Only if it is cleared or it is a remix of your own work. Spotify is downstream of your distributor, and distributors require you to attest that the track is cleared; an unlicensed remix can be blocked at upload or pulled later. Separately, Spotify has said it has built an in-app feature for listeners to generate AI remixes and covers, but it has not launched because it depends on licensing deals with rights holders — that is a future product for in-app creation, not a way to release your own bootleg today.
A cover is a brand-new recording of an existing song — you reuse the composition but none of the original audio, so US law gives you a compulsory mechanical license that the songwriter cannot refuse, currently 13.1 cents per copy for downloads and physical. A remix reuses the original master recording and reshapes the song, so it needs negotiated permission for both the master and the composition, and either owner can say no or set the price. In short: a cover comes with a guaranteed yes; a remix does not.
It is the permission to use a specific sound recording — the original master — in your project. Because a remix is built on the original recording, you need this license from whoever owns that master, normally the record label or the artist. There is no compulsory route to it, so it is fully negotiable: the owner sets the territory, term, formats, exclusivity and fee, and can decline. It is separate from, and in addition to, the composition clearance you owe the publisher.
Yes, completely. Because there is no compulsory license for a remix, the master owner and the publisher each have an absolute right to say no, for any reason or none — a pending catalog sale, an exclusivity deal, a policy against remixes of that artist, or simply not liking your version. They can also say yes but name a price you can't afford. That veto is the defining legal fact of remixing, and it is why the legitimate shortcuts — contests, Creative-Commons stems, your own catalog, full replays — matter so much.
An uncleared remix of someone else's released song is copyright infringement on both the master and the composition, no matter how transformative it feels. Many bootlegs survive on SoundCloud because the rights holder never acts, but that is tolerance, not permission, and it ends the moment the track is monetized, gains traction, or is caught by content-ID. On streaming it can be taken down, have its revenue frozen, and get your distributor account flagged. If you want a clean, monetizable release, clear it or use a legal route instead.
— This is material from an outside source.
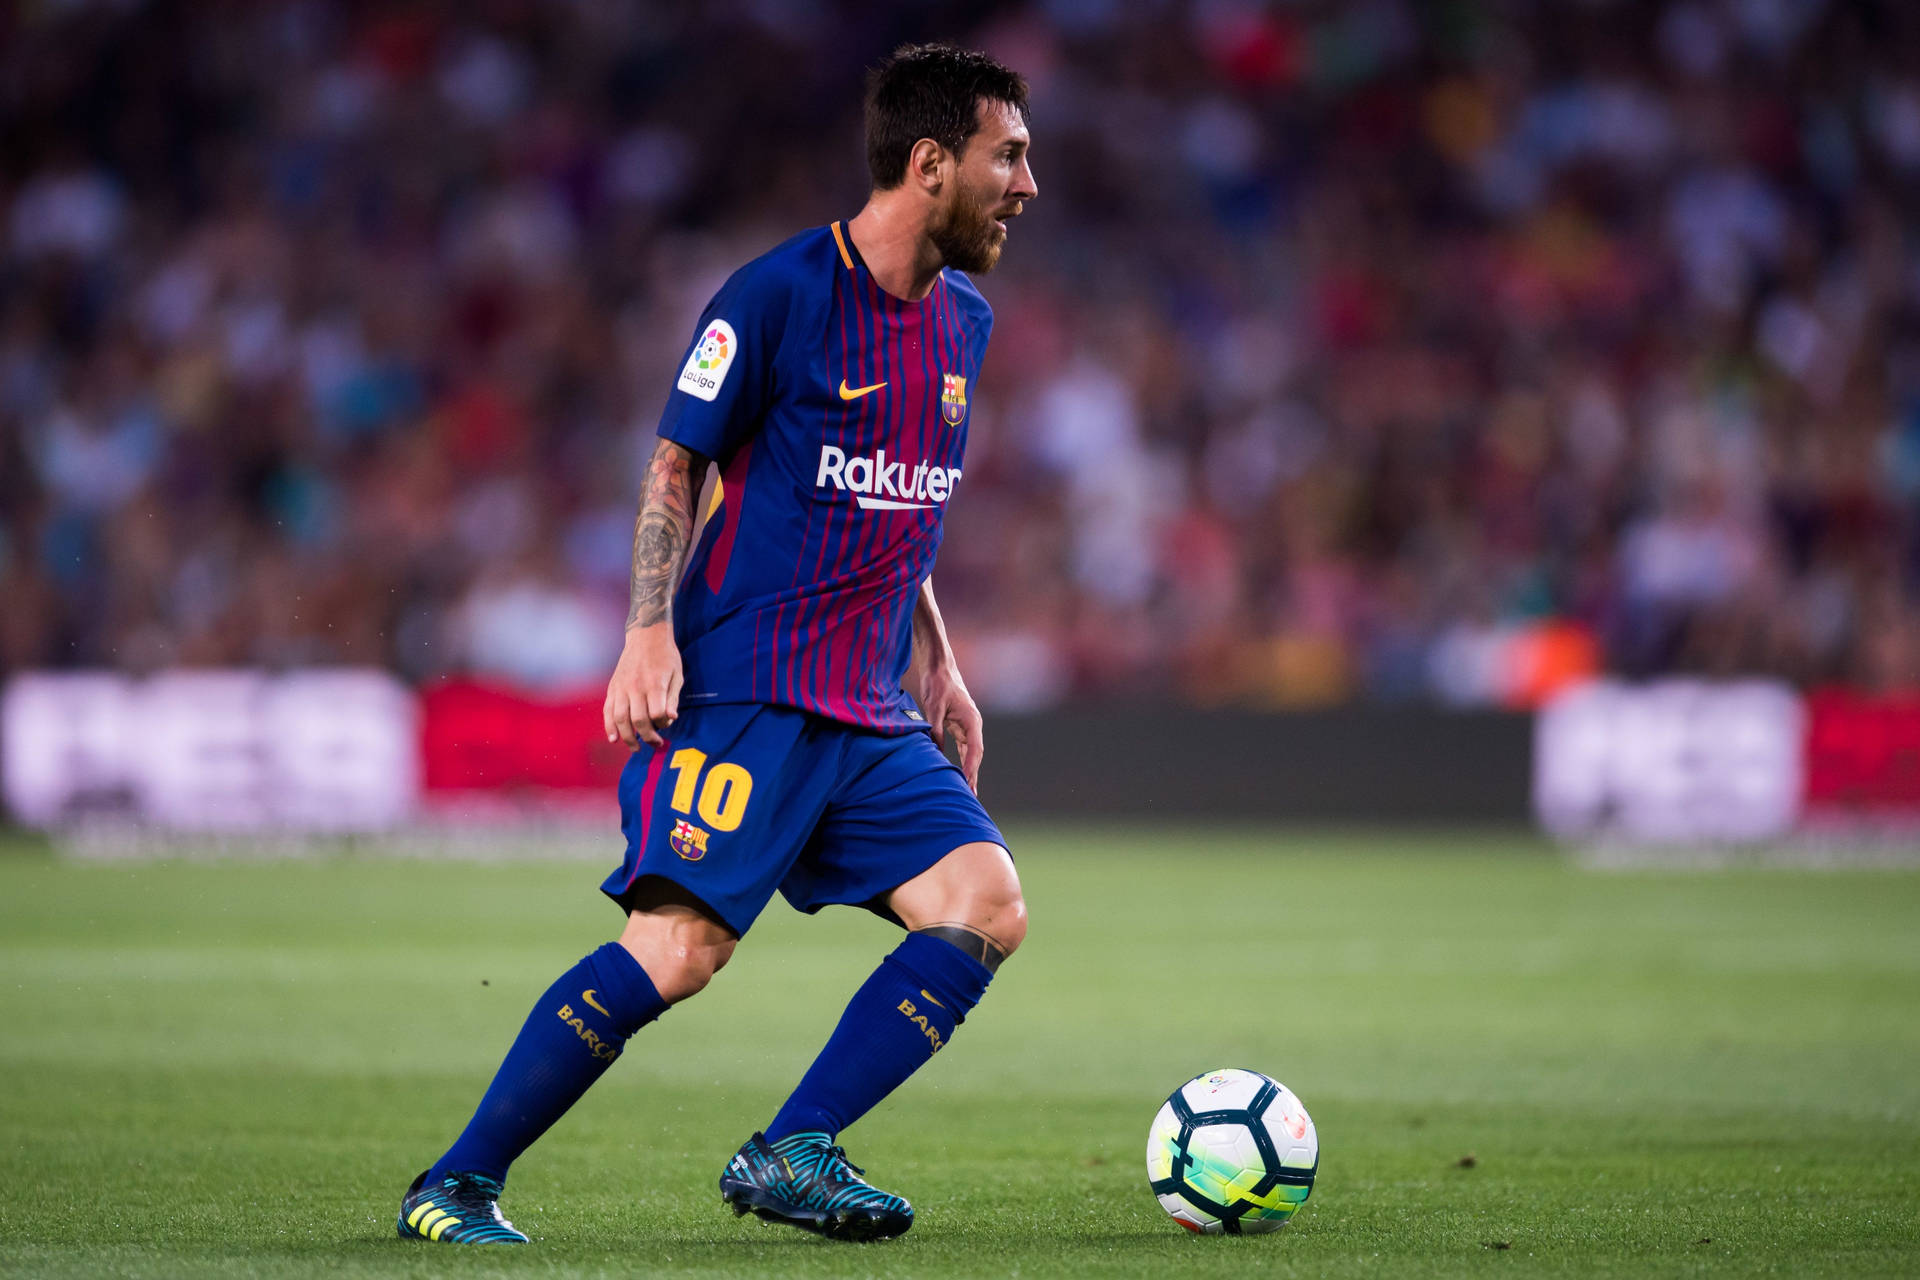 Lionelmessi 2020 Sparkar Fotboll - Lionel Messi 2020 Kicking Soccer Ball. Wallpaper

There is no fixed price, because nothing here is statutory — both the master use license and the derivative permission are negotiated. For a track with real commercial value, expect the recording owner and publisher to want either a meaningful flat fee, an advance, or a share of the remix's revenue, and the total depends on the song's value, the territory and how the remix will be used. The one fixed reference point is the statutory mechanical rate (13.1 cents per copy in 2026), but that only applies to a faithful, non-derivative reproduction of the composition — which most remixes are not. Budget for negotiation, not a sticker price.
Often yes, but read the exact license. Royalty-free stem packs and Creative-Commons releases are made to be built on, which can make a remix fully legal — but "royalty-free" describes the payment model, not a blanket permission, and some Creative-Commons licenses forbid commercial use or forbid derivative works entirely. Confirm that the specific license grants both commercial release and the right to make derivatives before you ship. When the stems are officially cleared for remixing, you skip the master-use and publisher negotiations altogether, which is exactly why this is one of the cleanest routes.